WHAT TO WORK ON: All pictures are to be dropped, and everything else in the data duplicated exactly.

DATA EXTRACT:
□ □ □

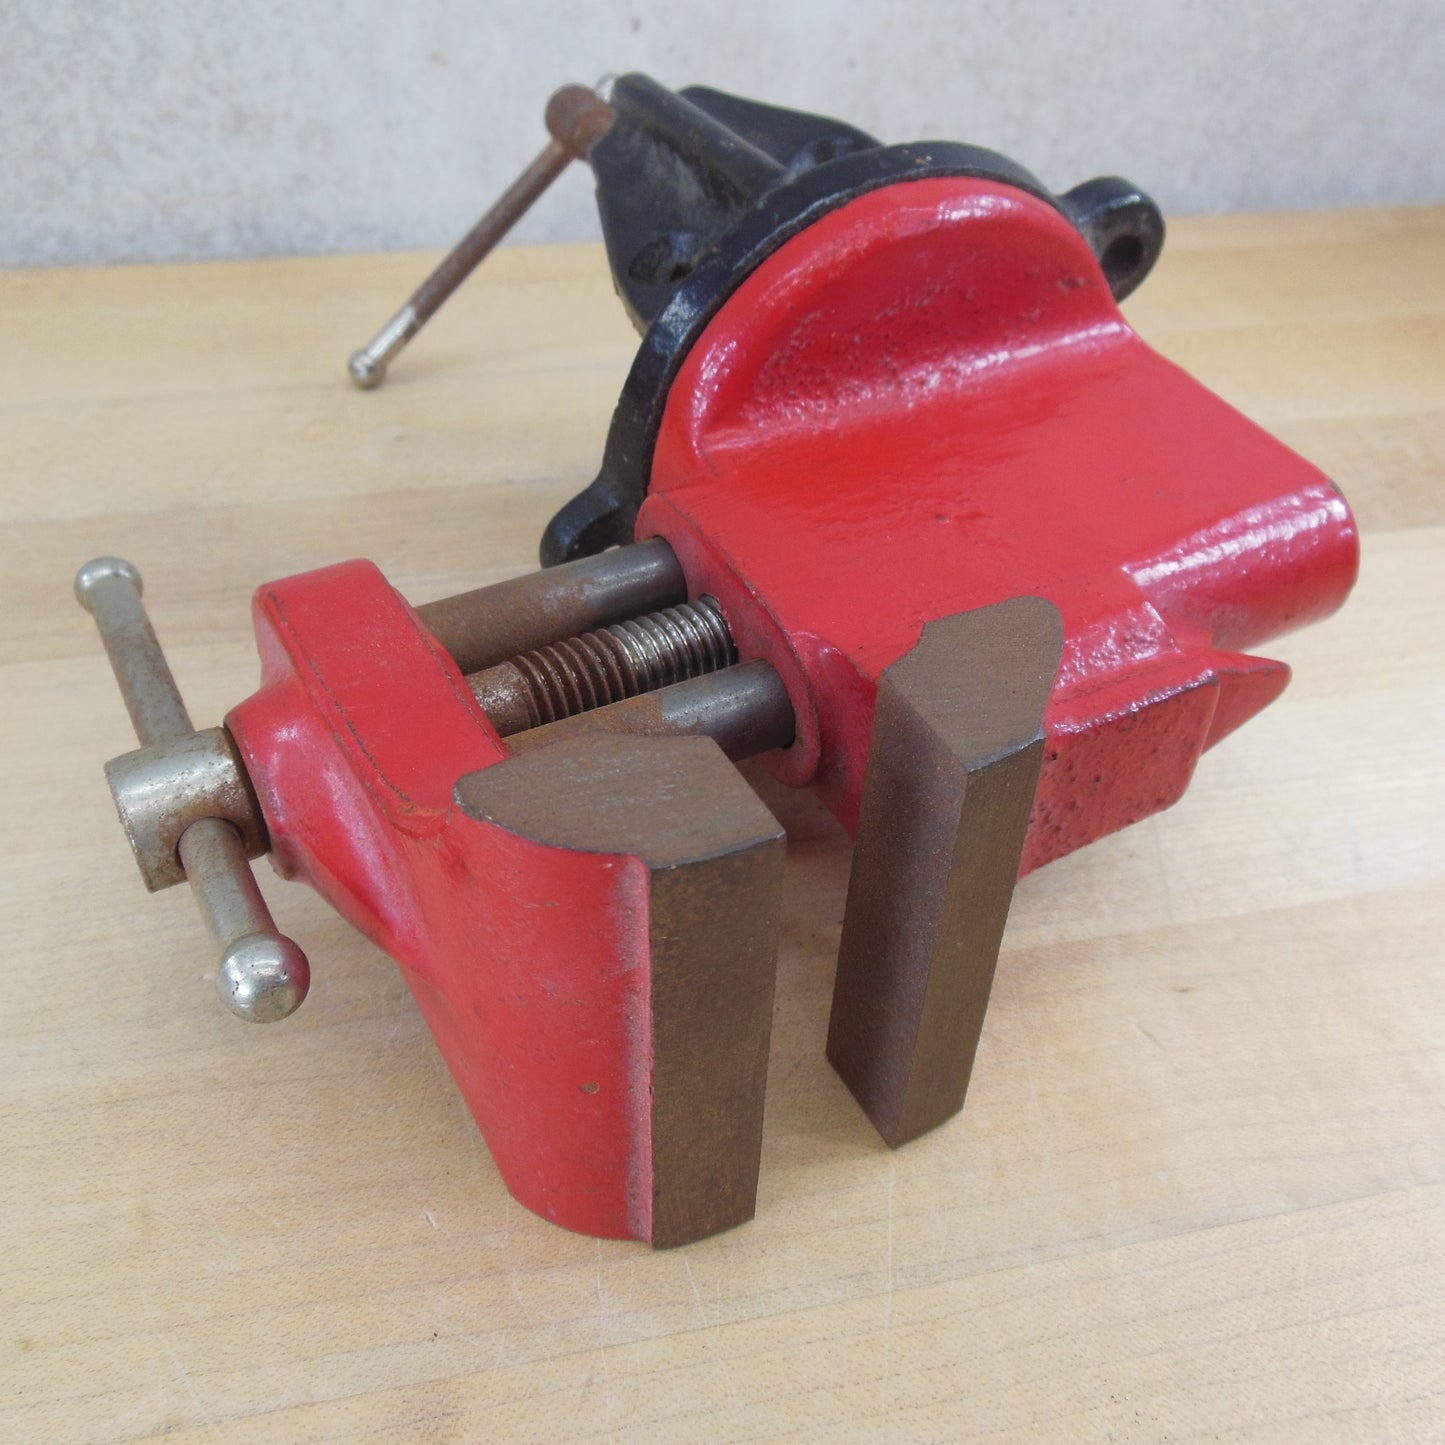 Unbranded Small Clamp On Bench Vise 2-1/2" Jaws Red Black used
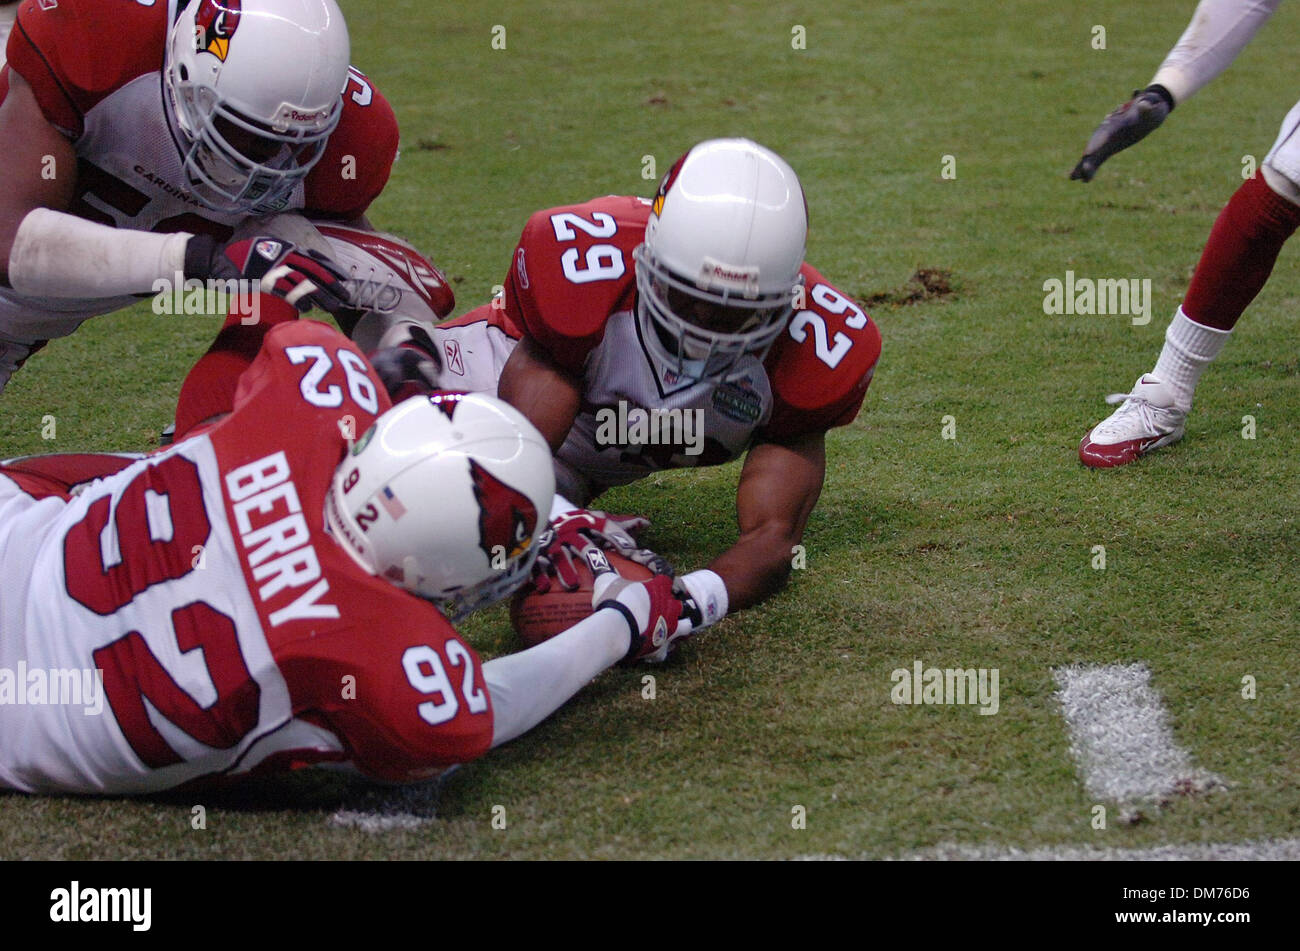 Oct 02, 2005; Mexico City, MEXICO; NFL FOOTBALL: Cardinals #29 Quentin Harris Bertrand Berry struggle for a ball fumbled by Frank Gore in the 4th quarter in Sunday evenings 31-14 Arizona Cardinal win over the San Francisco 49ers at Estadio Azteca in Mexico City. Mandatory Credit: Photo by Jose Luis Villegas/Sacramento Bee/ZUMA Press. (©) Copyright 2005 by Jose Luis Villegas/Sacrame Stock Photo
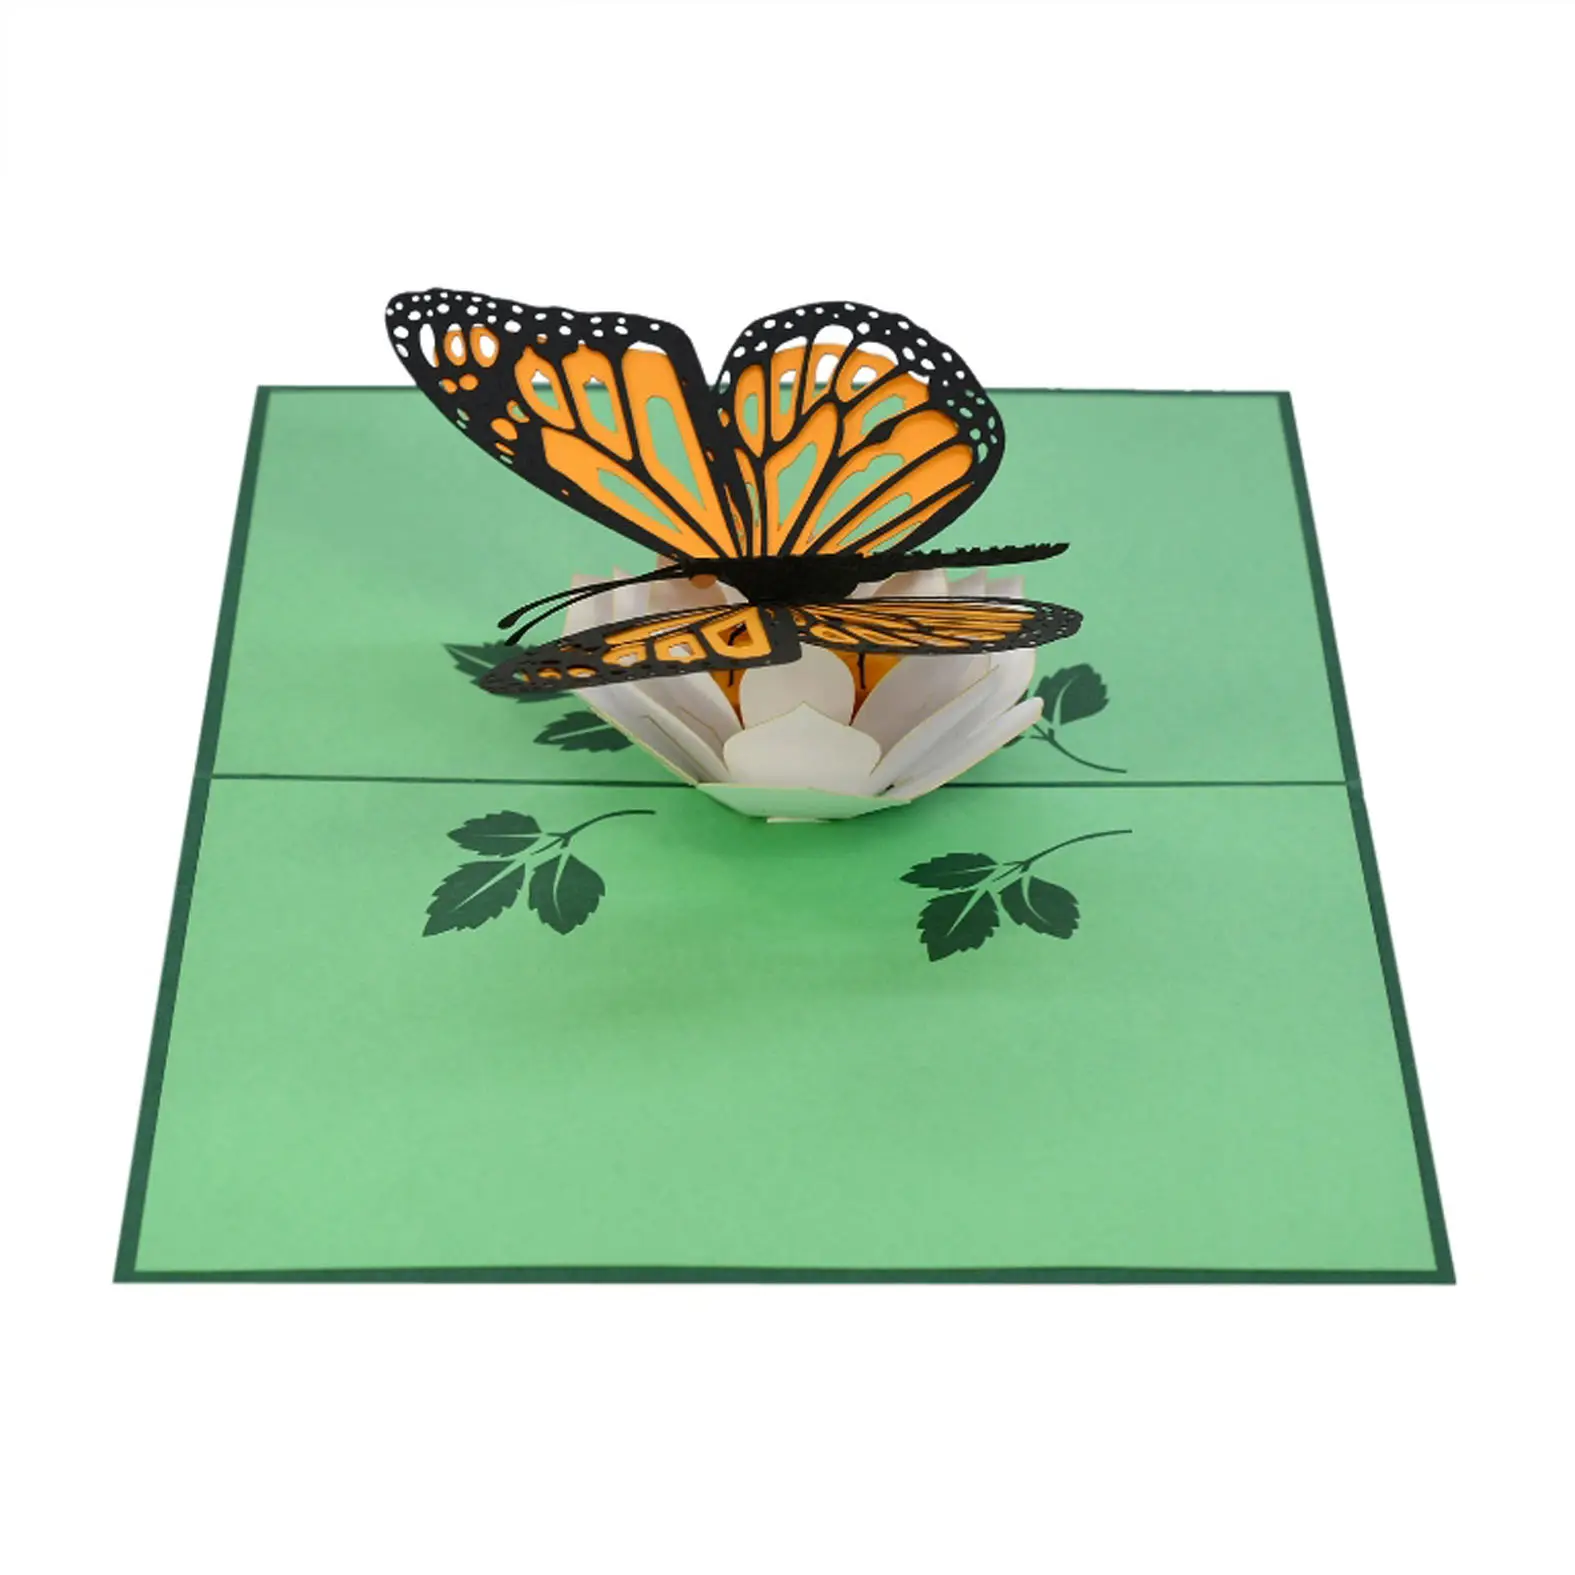 New butterfly 3D animal greeting cards for Birthday of wife or girlfriend Wholesale from Vietnam HMG popup paper

□ □ □

SOLUTION TO THIS TASK:
 Unbranded Small Clamp On Bench Vise 2-1/2" Jaws Red Black used
 Oct 02, 2005; Mexico City, MEXICO; NFL FOOTBALL: Cardinals #29 Quentin Harris Bertrand Berry struggle for a ball fumbled by Frank Gore in the 4th quarter in Sunday evenings 31-14 Arizona Cardinal win over the San Francisco 49ers at Estadio Azteca in Mexico City. Mandatory Credit: Photo by Jose Luis Villegas/Sacramento Bee/ZUMA Press. (©) Copyright 2005 by Jose Luis Villegas/Sacrame Stock Photo
 New butterfly 3D animal greeting cards for Birthday of wife or girlfriend Wholesale from Vietnam HMG popup paper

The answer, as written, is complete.